DATA =>
□ □ □ □ □

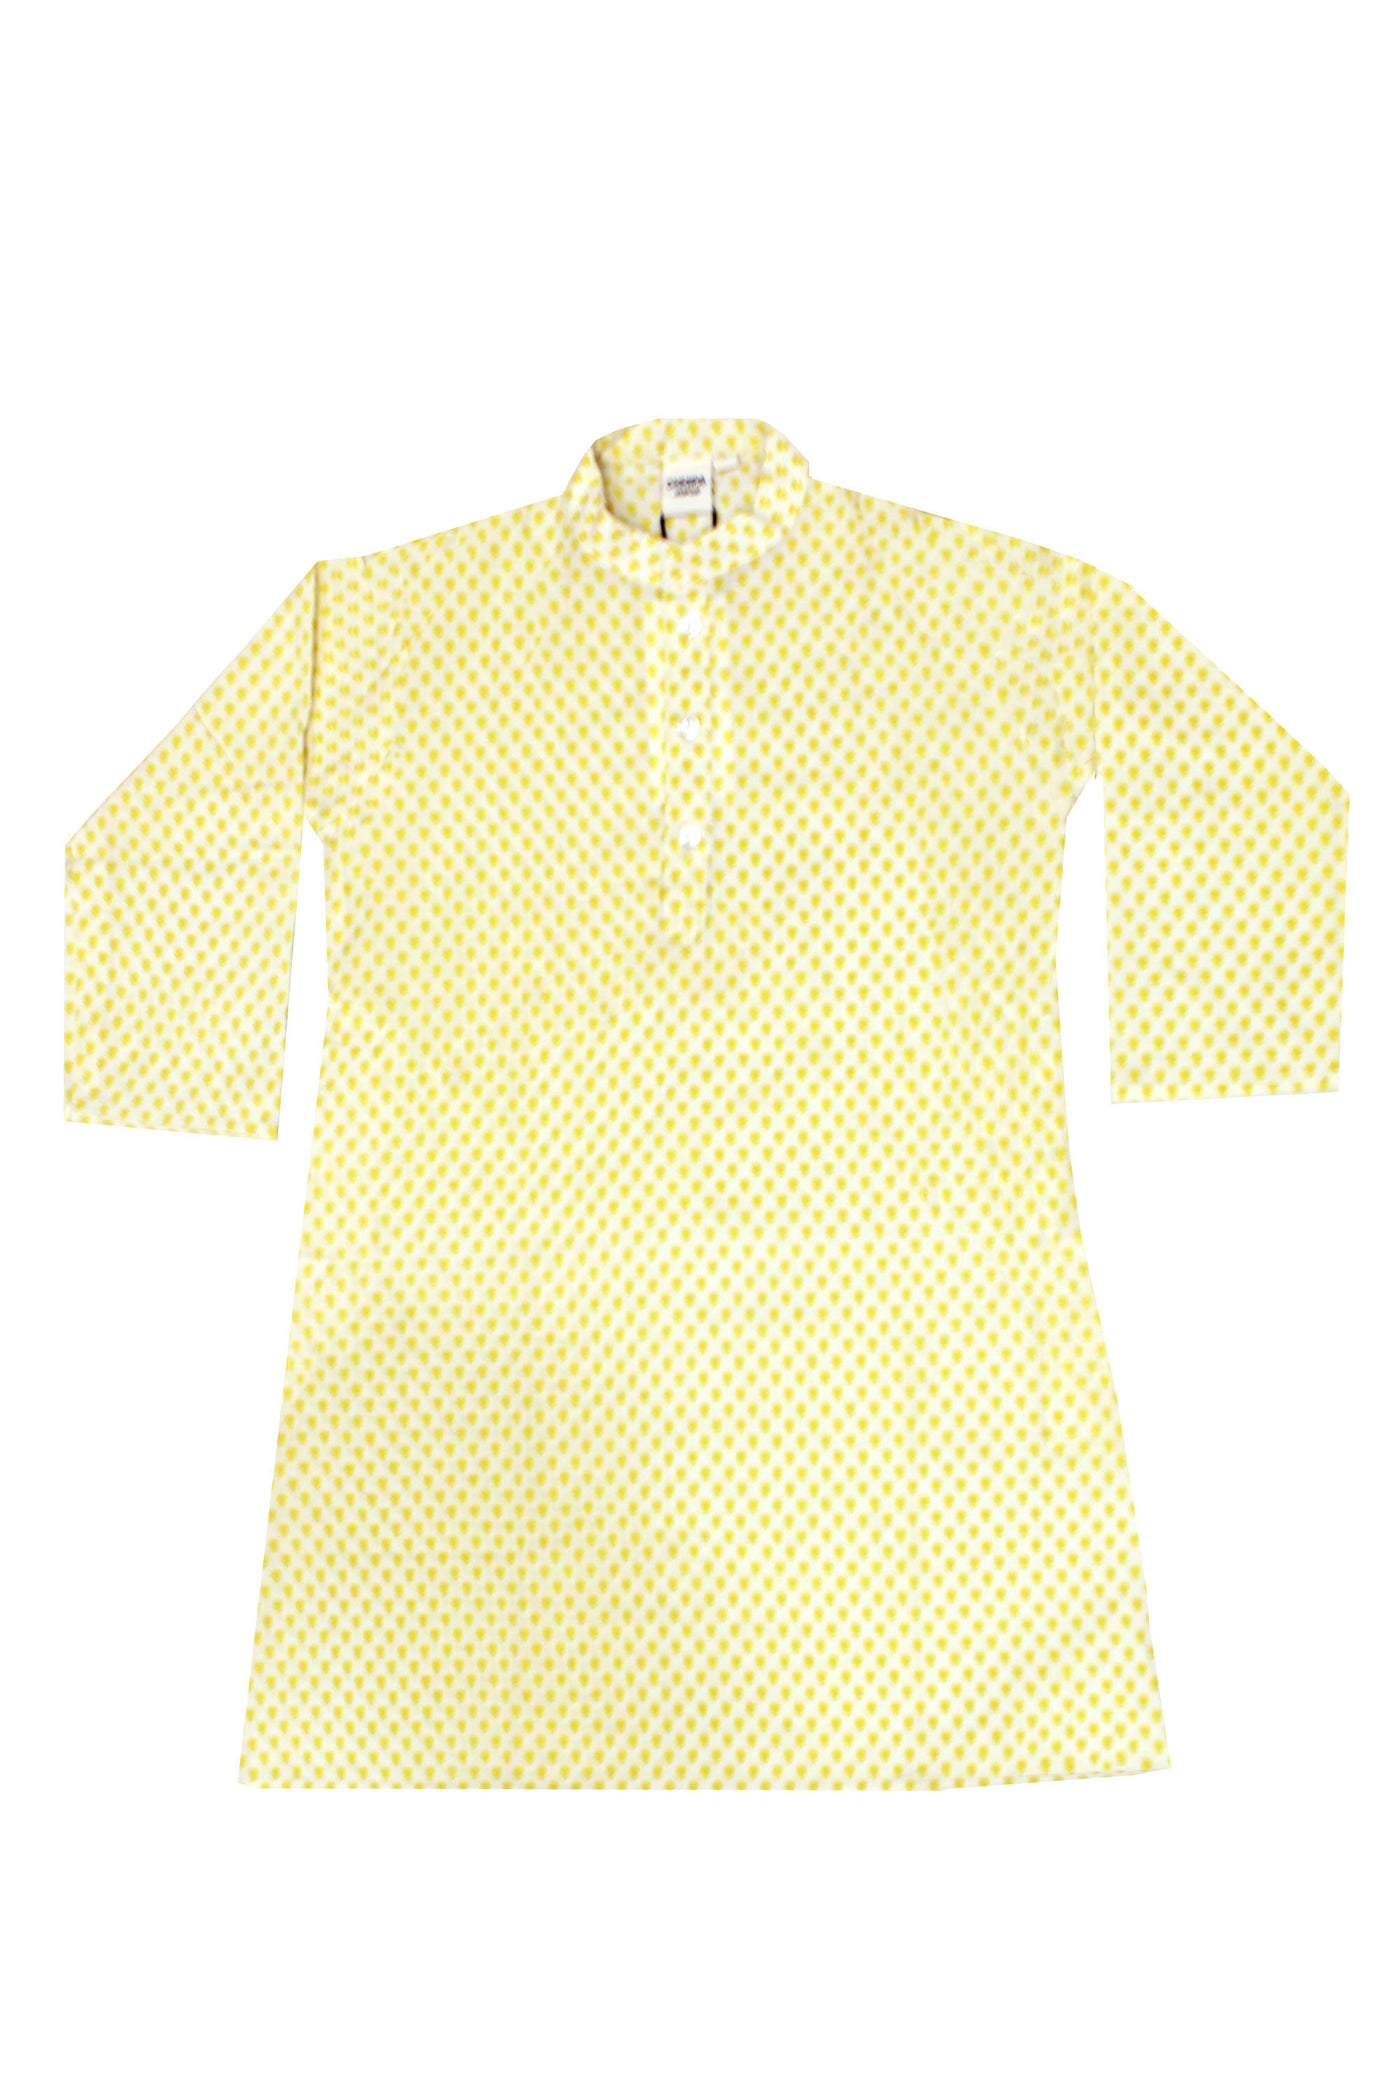 Cotton Buti Print Boys Kurta In Lemon Yellow
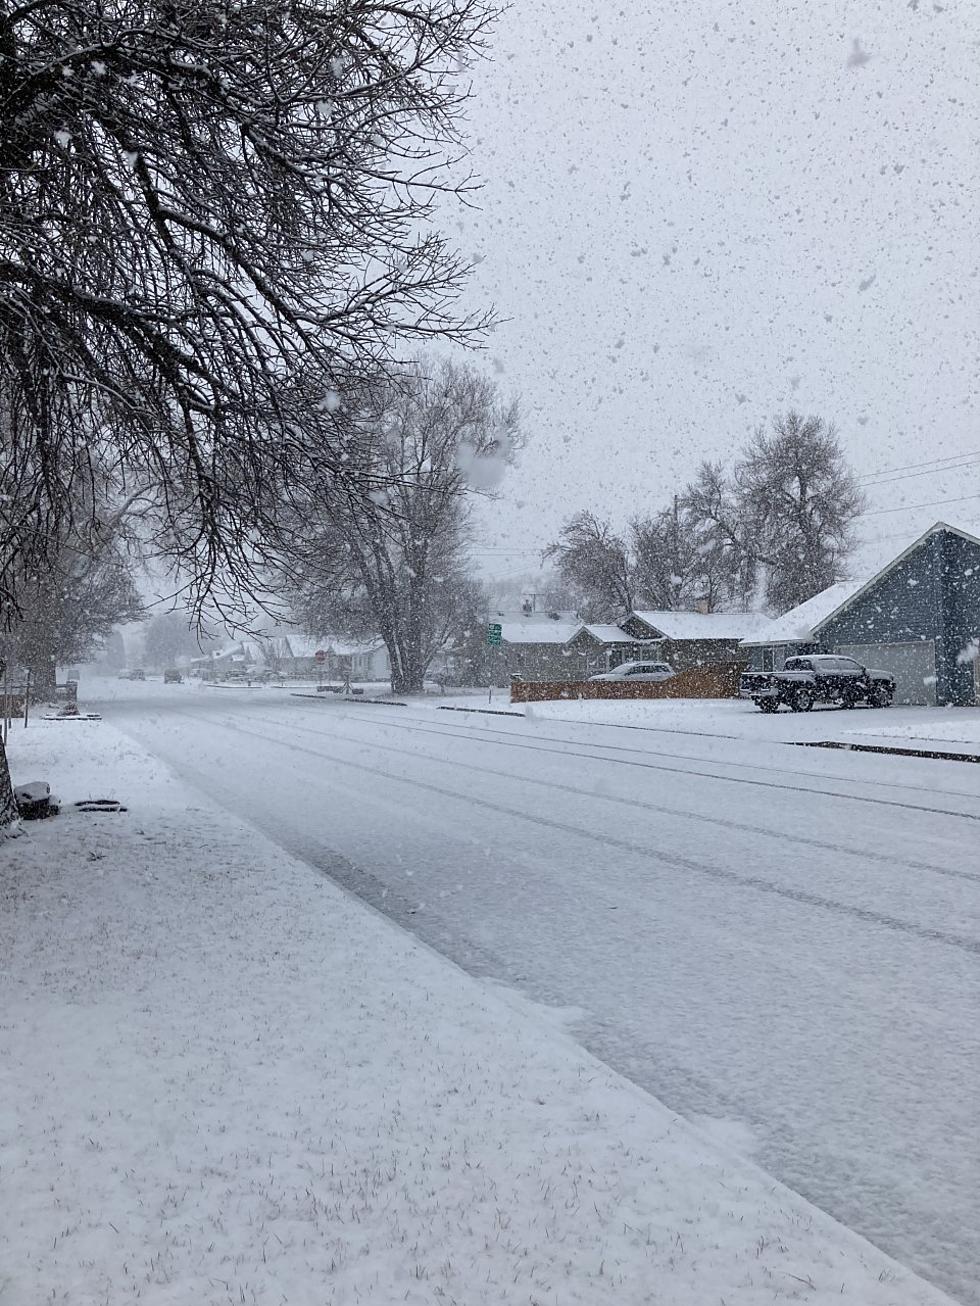 White Christmas for Many Parts of Idaho
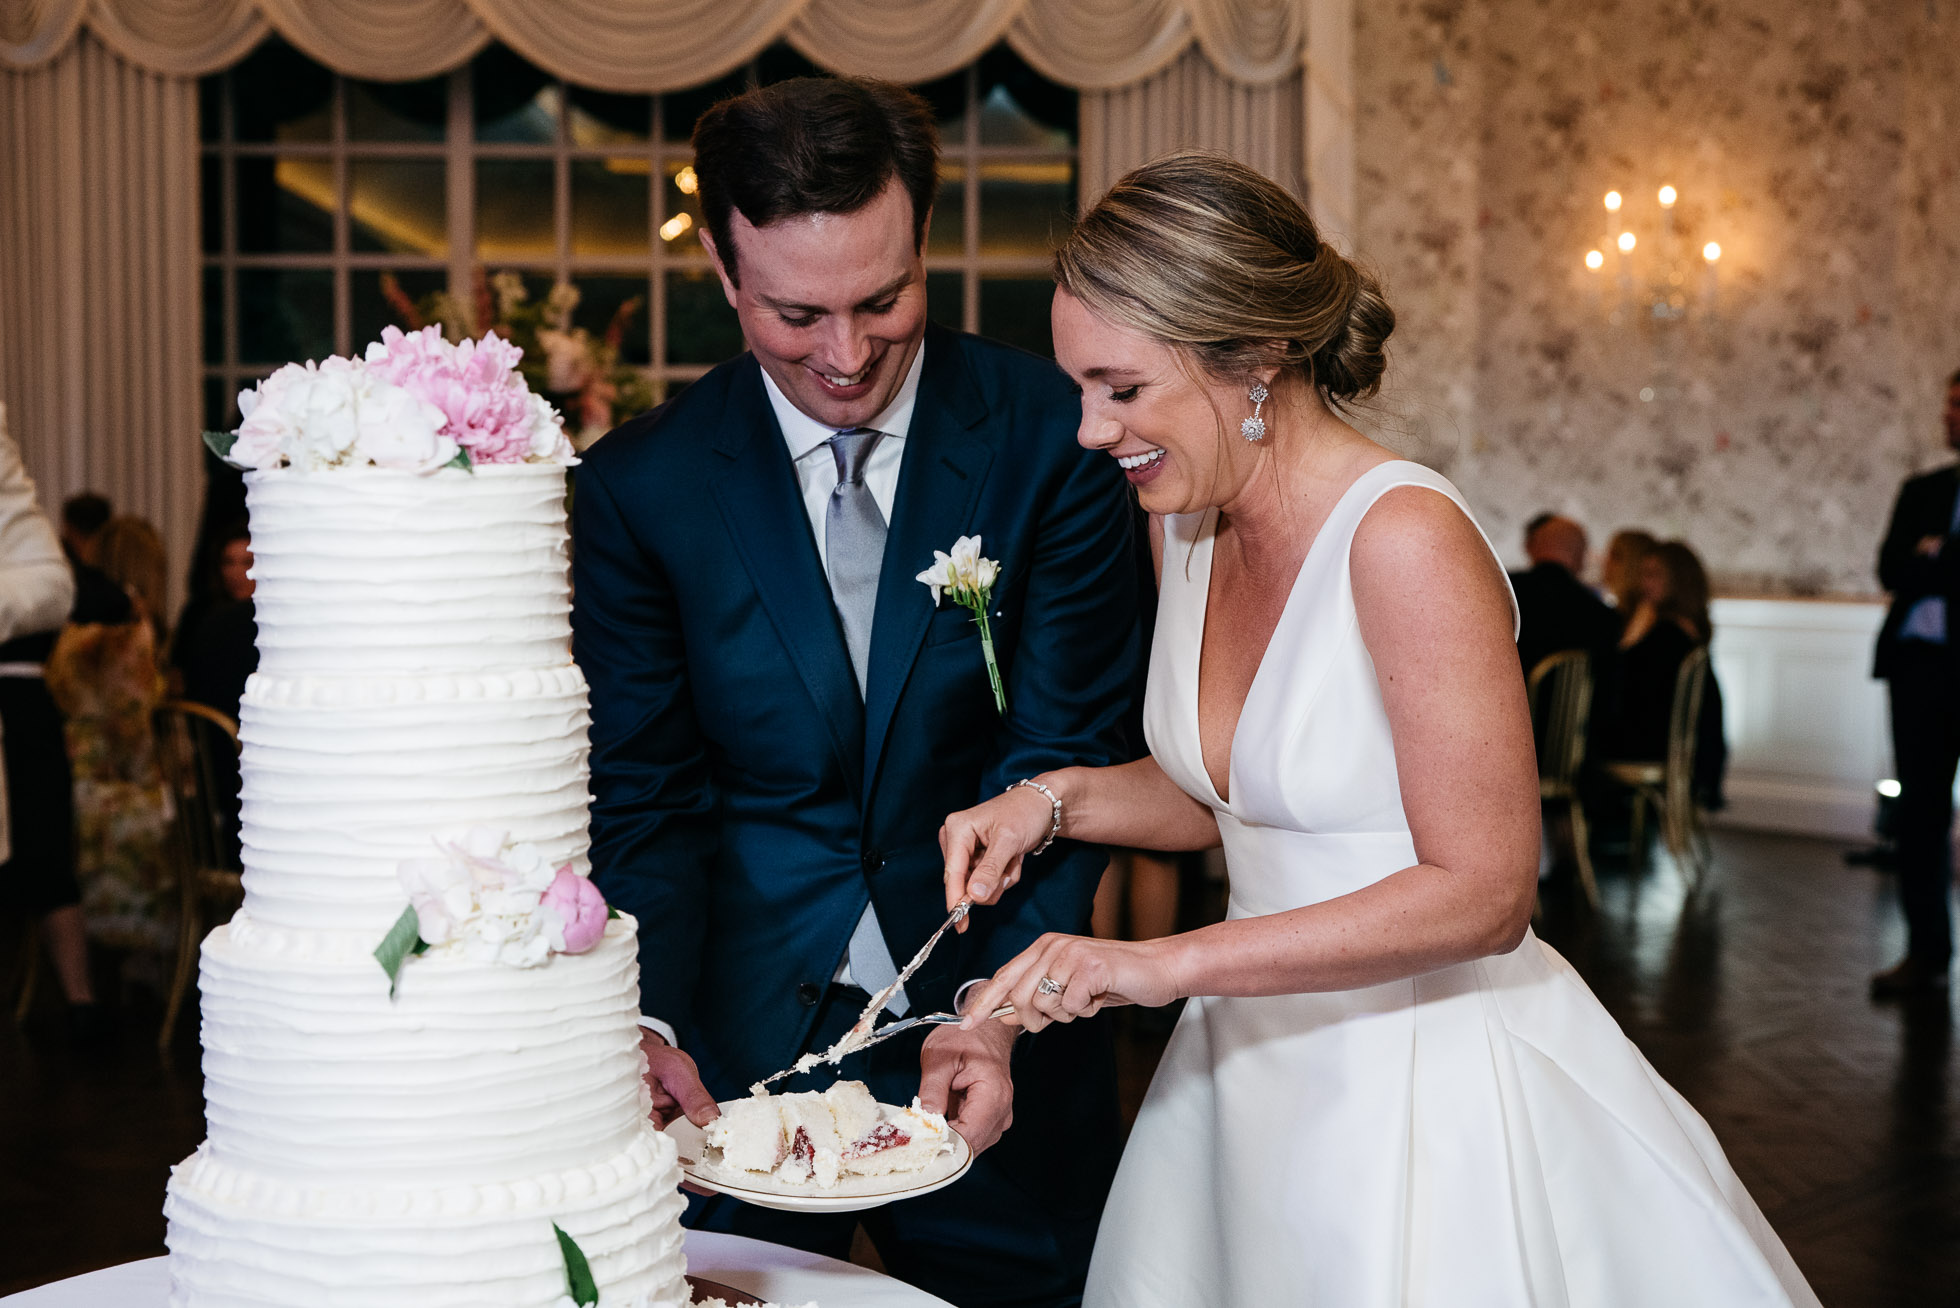 cake cutting Pittsburgh wedding photographer Mariah Fisher Photography-1.jpg
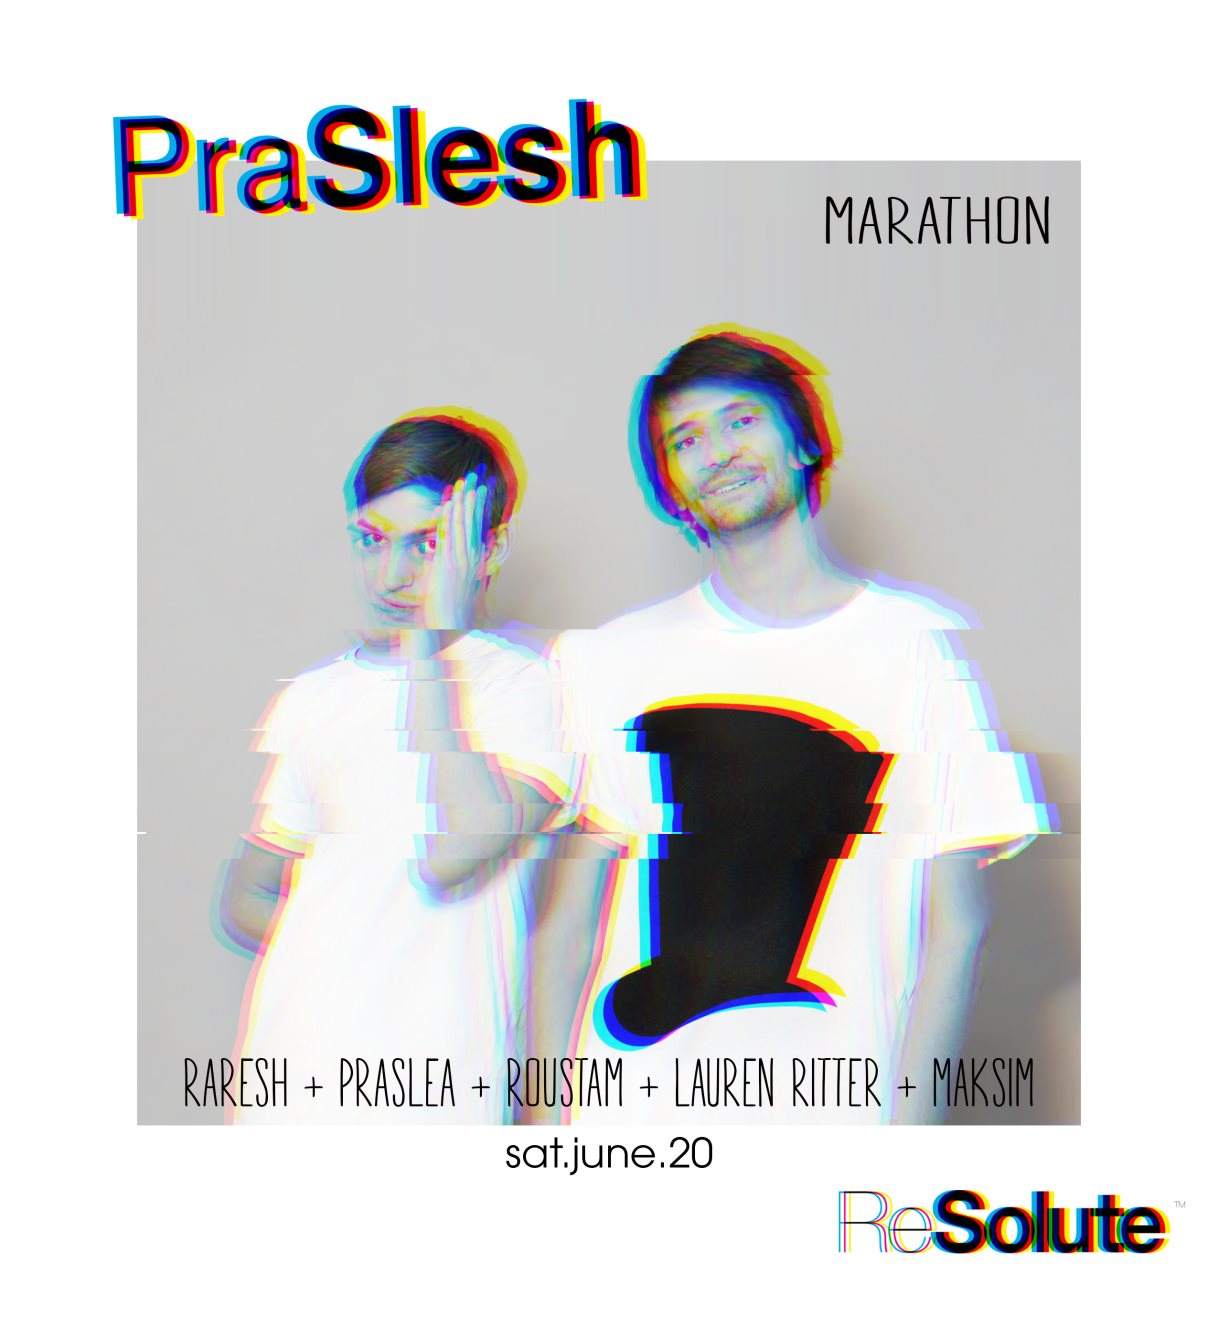 Raresh + Praslea = Praslesh Marathon - Página trasera

□ □ □ □ □

THE PROBLEM => Give back the full listing exactly, with pictures dropped.

ANSWER SECTION =>
 Cotton Buti Print Boys Kurta In Lemon Yellow
 White Christmas for Many Parts of Idaho
 cake cutting Pittsburgh wedding photographer Mariah Fisher Photography-1.jpg
 Raresh + Praslea = Praslesh Marathon - Página trasera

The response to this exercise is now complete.